Review: Chicago Lightning

I’ve been aware of Max Allan Collins’s love of PIs and skill at writing them since following Ms Tree in the 1980’s.  While I don’t follow mystery writing closely, I see he’s earned a bunch of honors in the field.  Ms Tree was some good stuff, so when I ran across Chicago Lightning: The Collected Nathan Heller Stories for cheap on Amazon, I had to give it a look.

In his introduction, Collins claims to be more novelist than short story writer, and these stories bear that out.  They’re all solid pieces of genre fiction, told with a bit of panache, but none of them blows me away.  However, these stories are presented chronologically from Heller’s perspective but were written decades apart.  There is a clear, interesting character evolution going on in the background – that is, in the Heller novels – that is reflected in these stories.  That kind of organization and attention to detail makes me think that Collins has characterized his writing strengths clearly.

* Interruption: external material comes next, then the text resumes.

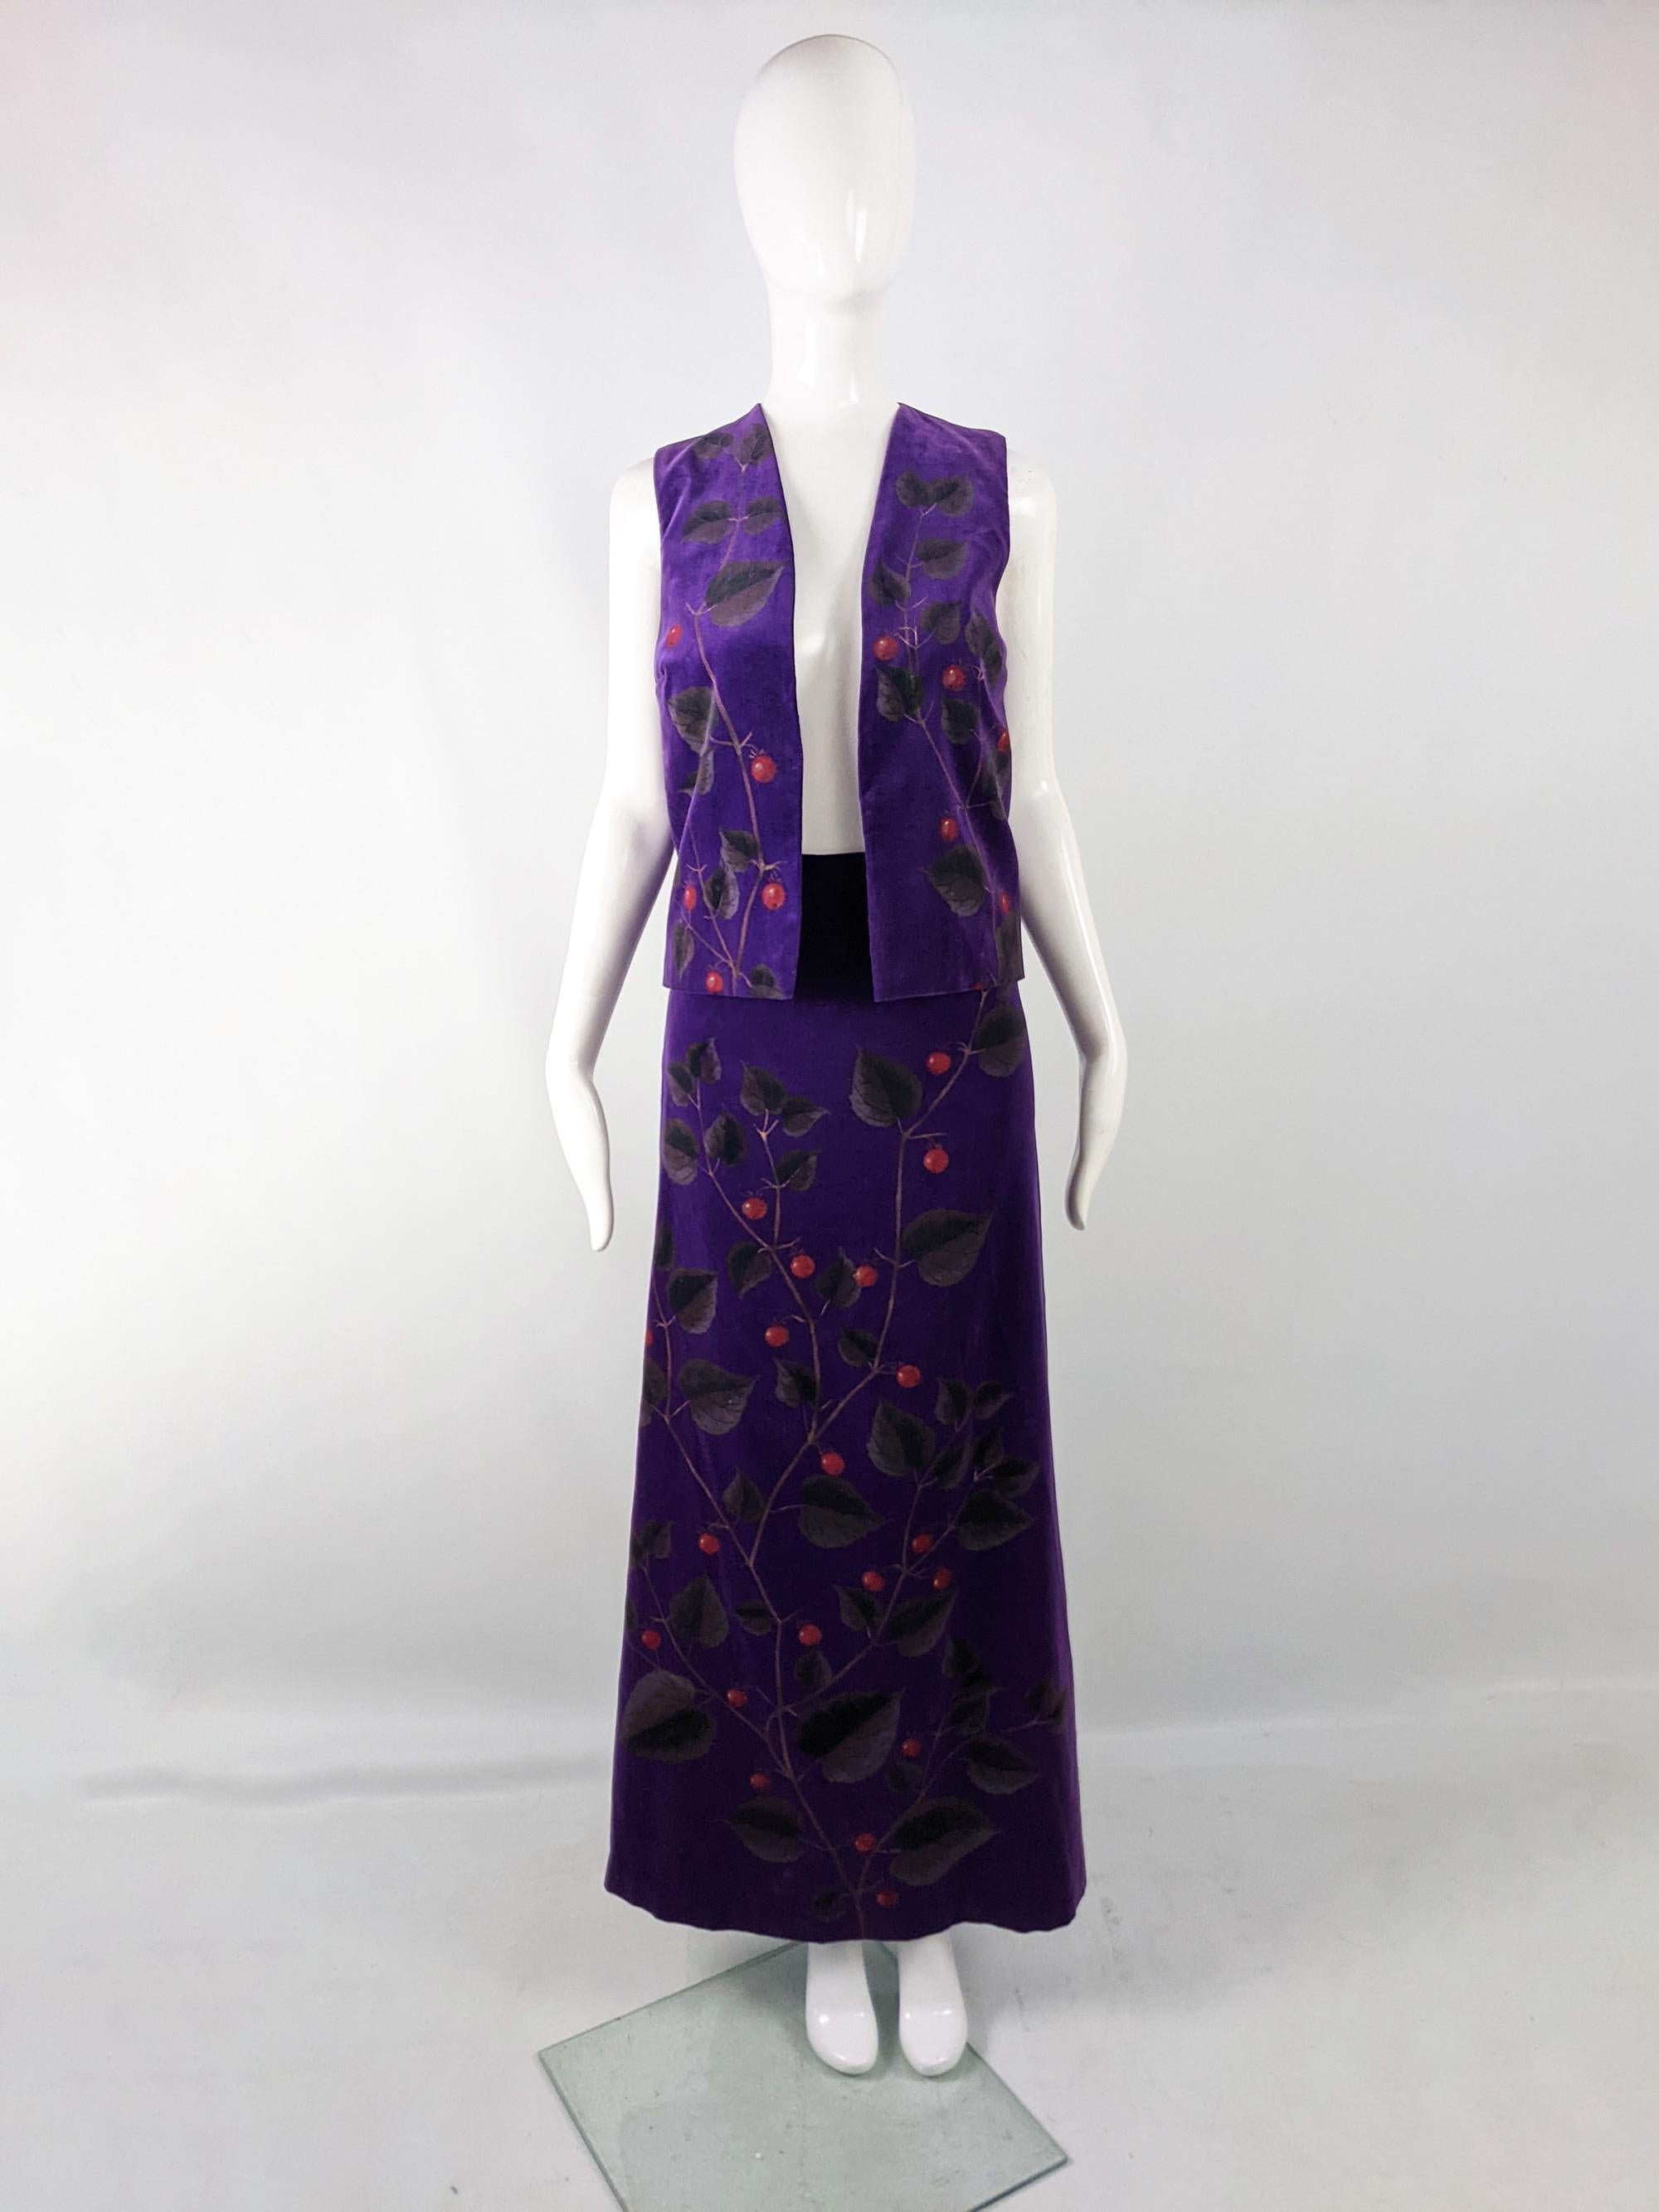 An incredible vintage womens two piece suit from the 70s by British designer Elizabeth Thirlby for luxury department store, Harrods. In a purple cotton velvet with a striking hand printed botanical print throughout. This set consists of an open

Lightning does have its pleasures, one of which is the meticulous research Collins brings to each story.  Most of these stories are historical fiction, with Heller interacting with real people and events of the day.  Historical detective fiction is a nice trick, and Collins breathes life and credibility into a setting that is often mythologized. The short stories don’t give him quite enough space to completely make the time his own; the veneer of fiction over the true crime reports is visible in some.  Still, as with the continuity and changes between time periods, there’s enough here to whet my appetite for a novel.

Overall this is a tantalizing introduction to an author and a character I will certainly seek out again.